Beyond Prompting: The Power of Context Engineering

Defines context as 'everything an LLM can see' and frames it as architectural decision, not wording optimization. This breadth implies systematic composition across components, not single-prompt thinking.


Problem Decomposition Clarity as Coordination Prerequisite

Multi-agent architectures fail not from poor coordination algorithms but from unclear problem decomposition. You cannot design effective context handoffs until you've precisely defined what sub-problem each agent owns and what success criteria apply to each boundary.

Before building multi-agent orchestration, write a one-page problem decomposition document. For each proposed agent, answer: (1) What specific decision or task does this agent own? (2) What is the success criterion for its output? (3) What minimum context does it need? (4) Who consumes its output? If you cannot answer these crisply, your coordination layer will fail regardless of framework choice.
Multi-Agent AI: Why 'God Mode' LLMs Are Dead

Describes multi-agent design requiring clear problem decomposition—what sub-problems does each agent own, how does orchestrator decide which agent acts next. Coordination depends on problem clarity.
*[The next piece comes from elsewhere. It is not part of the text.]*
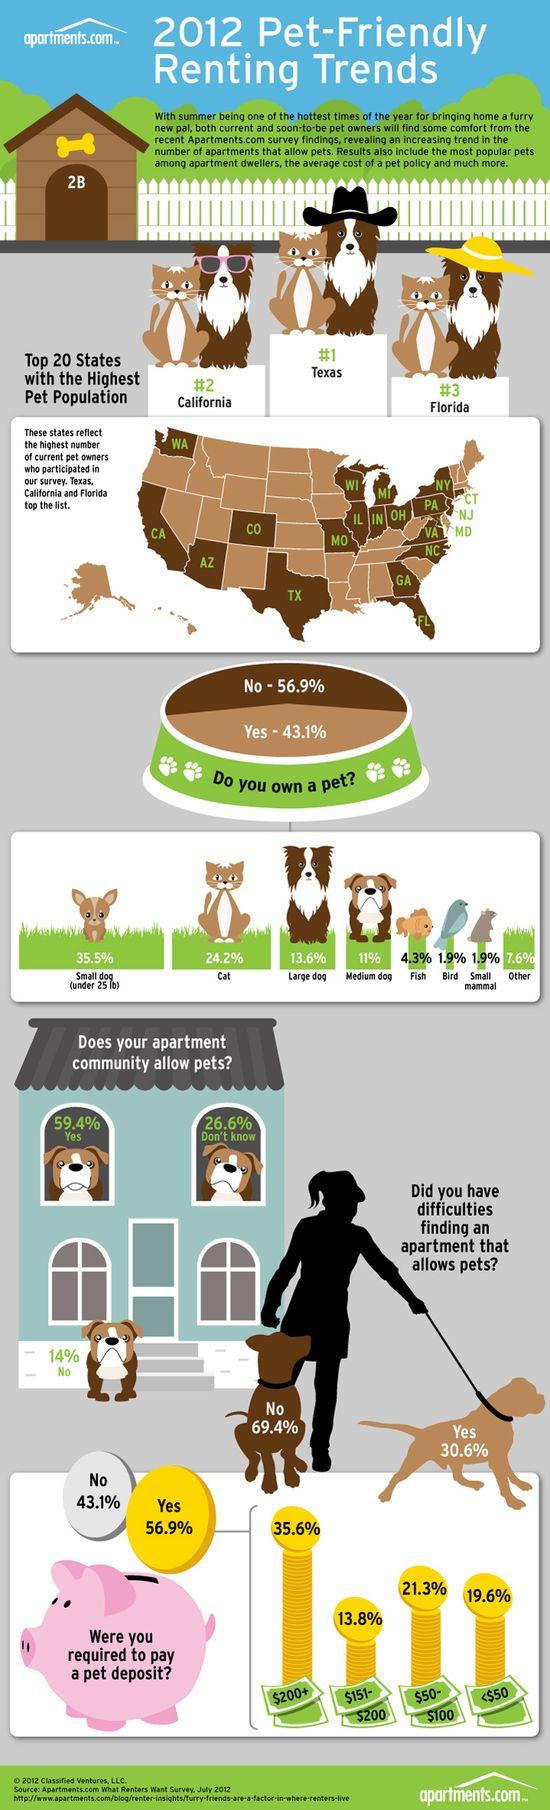 Infographic: Pet-friendly apartment living

Context-as-Interface Pattern for Multi-Consumer Intelligence

The same structured context object can serve both human collaborators and AI agents when designed as an interface rather than documentation. This dual-purpose design compounds value: better human clarity automatically improves AI output quality, creating a forcing function for precision.

Audit one high-stakes workflow where both humans and AI agents consume the same information (e.g., requirements docs, API specs, design systems). Restructure it as a machine-readable interface with explicit schema. Add structured annotations that serve both audiences. Measure: Does human onboarding time decrease? Does AI output quality improve? This validates the dual-purpose design.
Why You Should Care About Design Context

Design system structure, naming conventions, and annotations serve as interface between design intent and code generation. The same context payload satisfies human developers and AI agents. Quality of context directly correlates with output quality for both.